BEGIN Supplied information

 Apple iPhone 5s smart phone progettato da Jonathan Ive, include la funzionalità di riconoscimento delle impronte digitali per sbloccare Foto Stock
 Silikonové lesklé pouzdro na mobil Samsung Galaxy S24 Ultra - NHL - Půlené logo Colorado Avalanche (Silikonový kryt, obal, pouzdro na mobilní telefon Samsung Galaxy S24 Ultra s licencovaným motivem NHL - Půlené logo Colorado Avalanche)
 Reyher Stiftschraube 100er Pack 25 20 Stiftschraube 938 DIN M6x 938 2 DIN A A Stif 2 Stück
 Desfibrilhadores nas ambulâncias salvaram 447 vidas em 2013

END Supplied information

● Your assignment
Retype, without any change, every line from the one with "Silikonové lesklé pouzdro" to the bottom of the listing.

● Answer area
 Silikonové lesklé pouzdro na mobil Samsung Galaxy S24 Ultra - NHL - Půlené logo Colorado Avalanche (Silikonový kryt, obal, pouzdro na mobilní telefon Samsung Galaxy S24 Ultra s licencovaným motivem NHL - Půlené logo Colorado Avalanche)
 Reyher Stiftschraube 100er Pack 25 20 Stiftschraube 938 DIN M6x 938 2 DIN A A Stif 2 Stück
 Desfibrilhadores nas ambulâncias salvaram 447 vidas em 2013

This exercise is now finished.